Theory of Trace Elements

A trace element's essentiality is difficult to demonstrate, for, in contrast to bulk and macro elements that are ingested and concentrated in living tissue at levels measured in grams and kilos, trace elements are ingested and concentrated in tissue at low concentrations and are measured in milligrams and micrograms. The biological role of only a few of these elements is known at present, but the list is expanding. An early definition of essentiality held that an element is essential if it is required for the maintenance of life and if the organism dies in its absence. The definition was problematic, however, for even in a laboratory experiment it is difficult to eliminate all traces of any particular element and hence to demonstrate that death follows from total deficiency. As a result, a more workable definition of what is essential has been proposed:

An element is essential when a deficient intake consistently results in an impairment of a function from optimal to suboptimal and when supplementation with physiological levels of this element, but not of others, prevents or cures this impairment. (Mertz 1981)

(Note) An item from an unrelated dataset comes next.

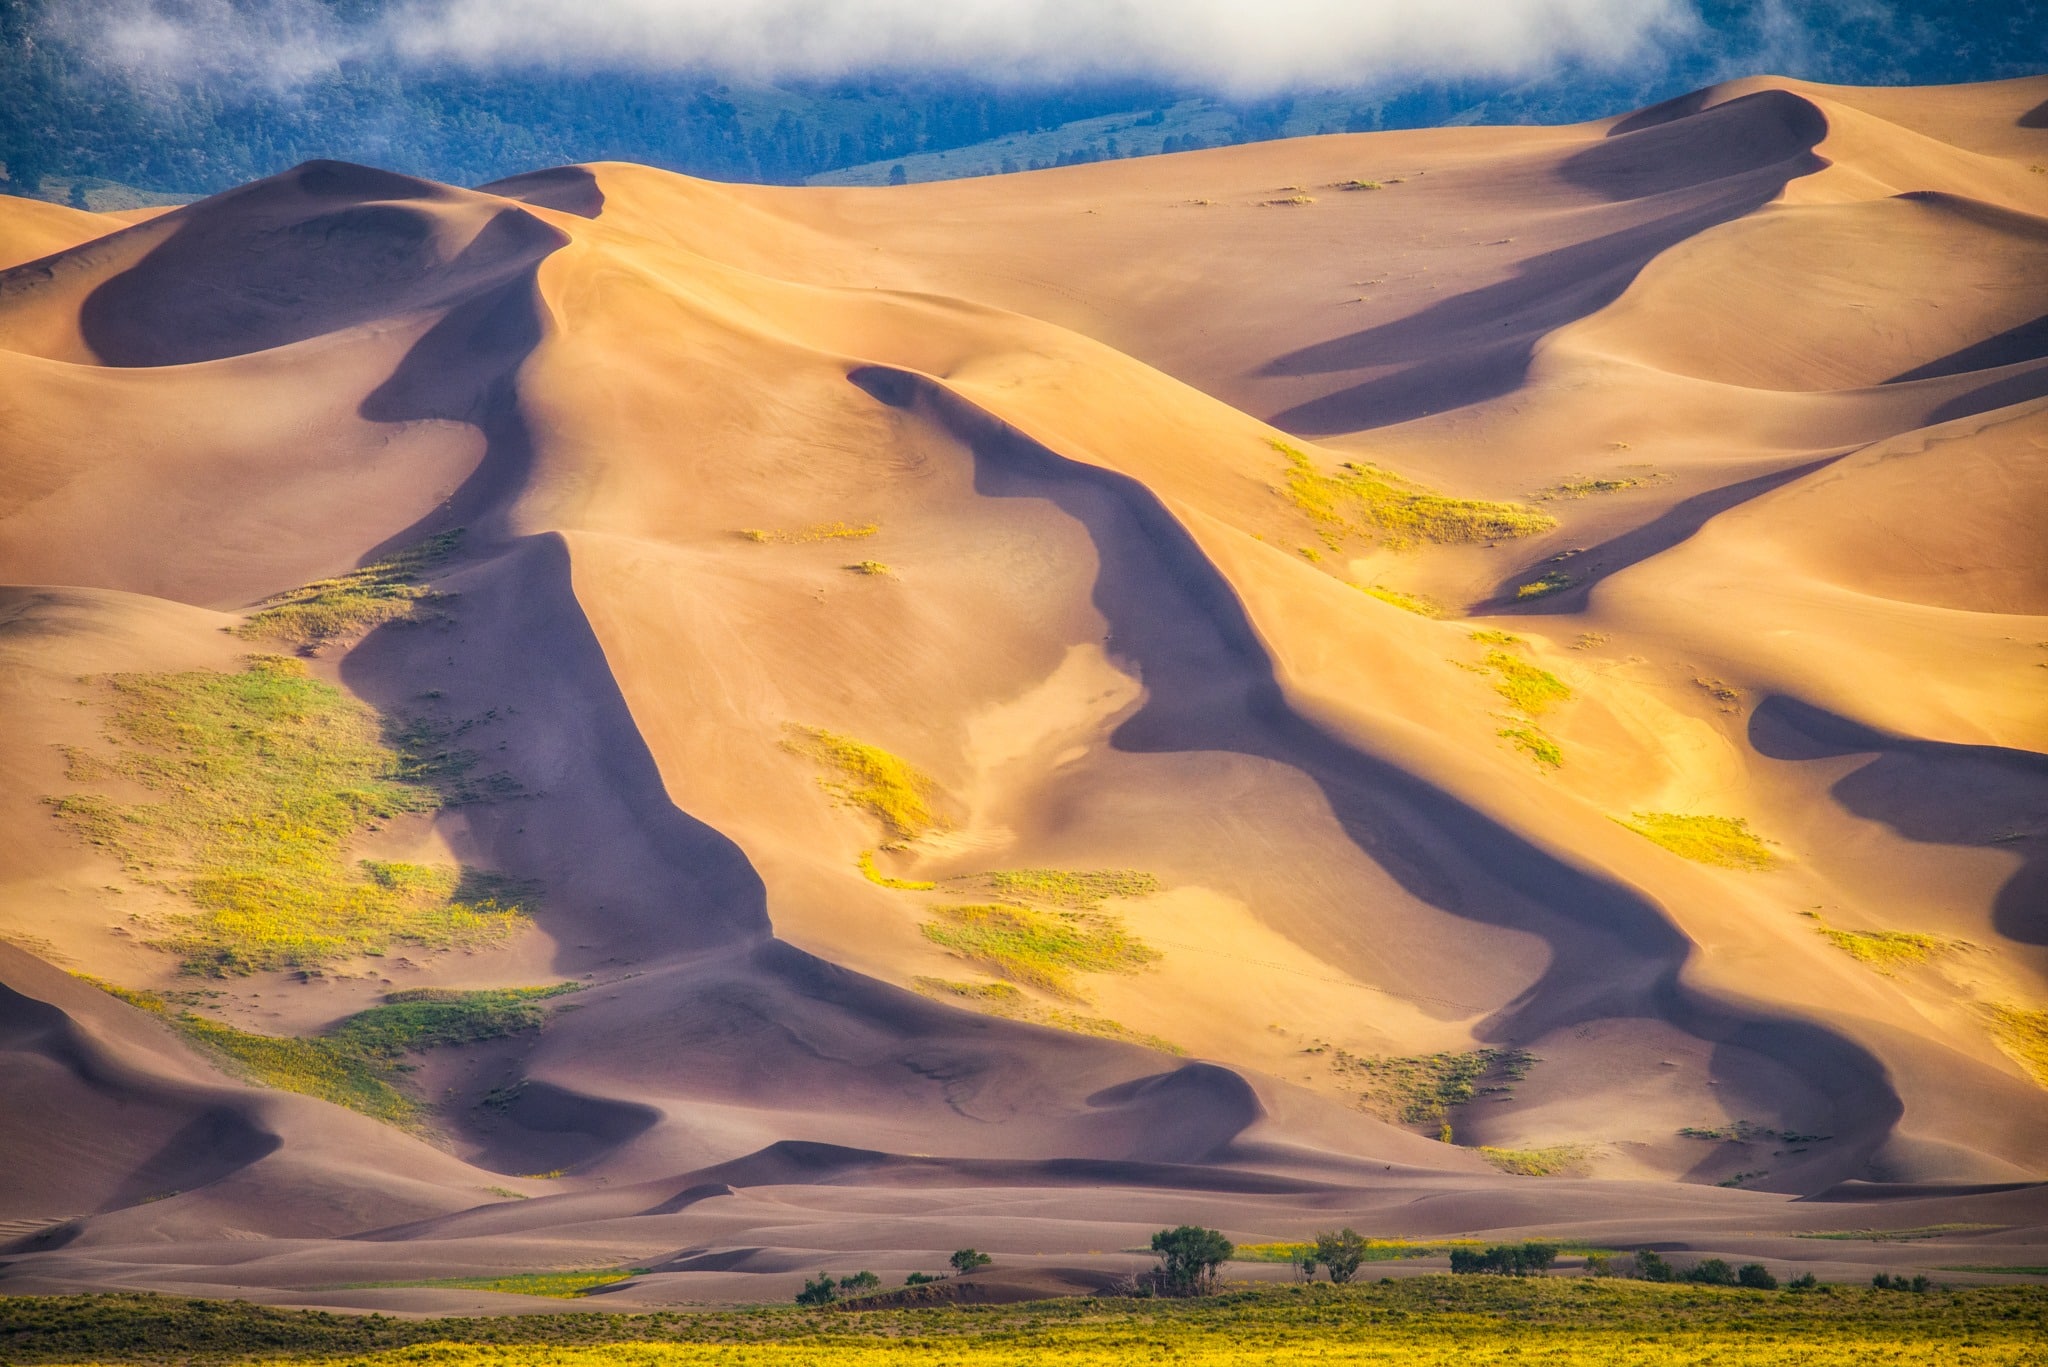 The clouds have just cleared the Great Sand Dunes, allowing the morning light to enhance their texture.
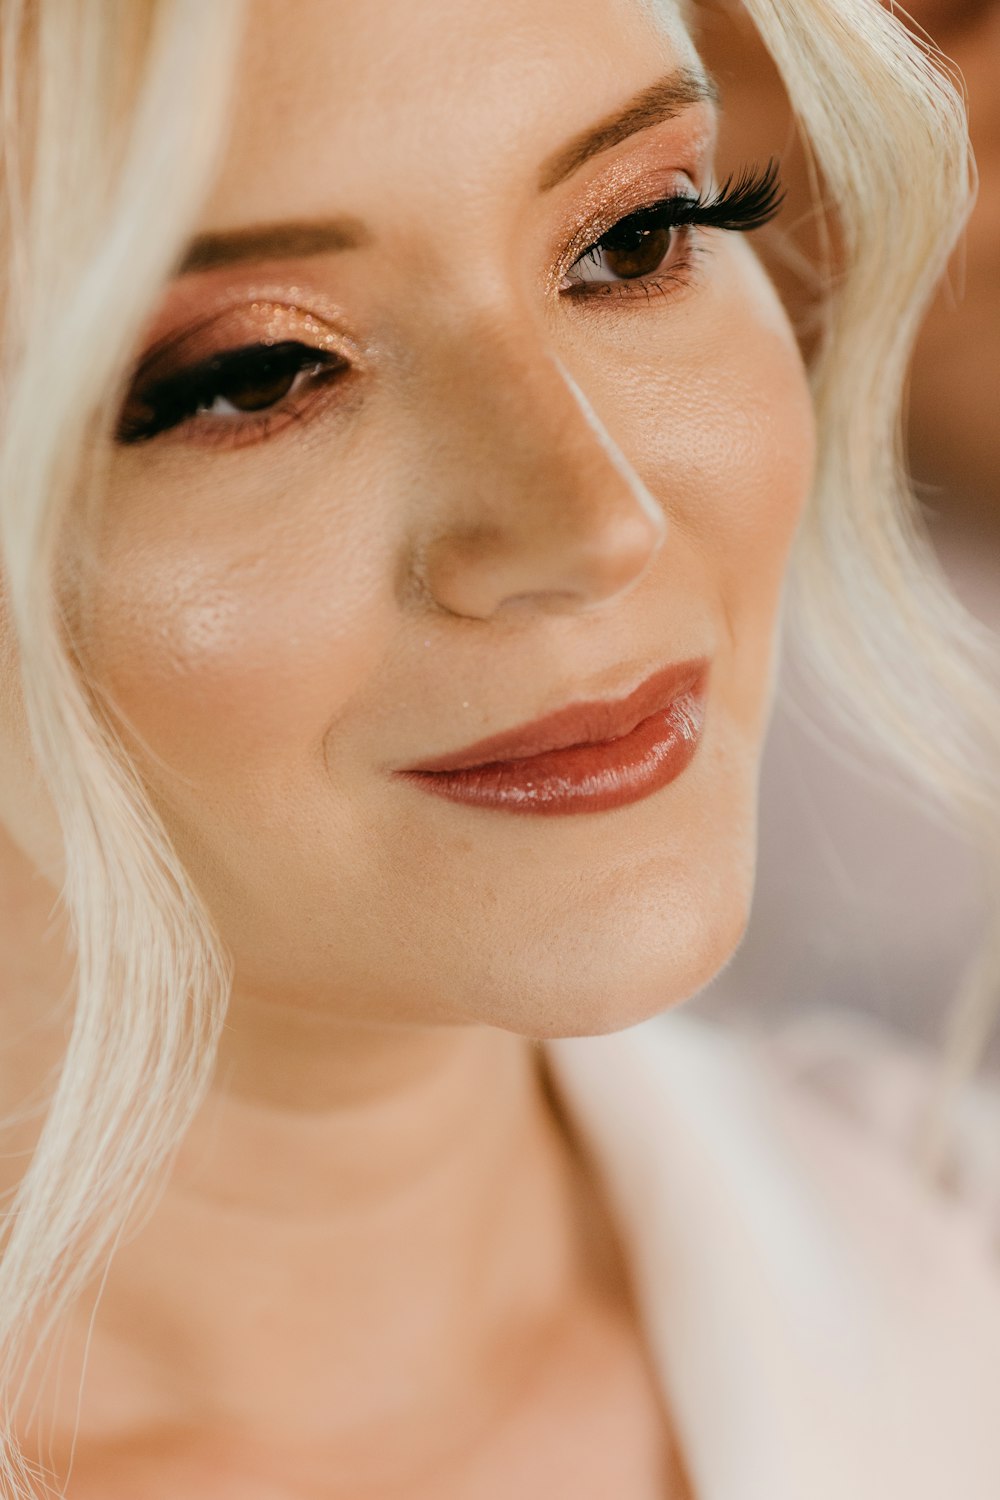 a close up of a woman with blonde hair

A trace element is now considered essential if on ingestion in suboptimal amounts, it impairs function and on supplementation, restores it. This change in definition is significant for health policy because the presence of apparently unafflicted individuals amid a population believed to be deficient posed, according to the old definition, a problem: their very presence cast doubt on the notion that the element was essential to the maintenance of life. A well-formed, intelligent individual amid a cretinous and goitrous population seemed, in the case of iodine, to call into question the whole idea of essentiality. The new definition disposes of that obstacle to prophylaxis.

The Dose Response Curve

The dose response curve (fig. 1) illustrates the new definition. It facilitates consideration of impaired function and deals with overintake as well as deficiency. Arsenic's toxic effects in large doses are well known, for example, but its deficiency effects are only beginning to be documented. Conversely, effects of molybdenum deficiency were well known before its toxic effects were even surmised.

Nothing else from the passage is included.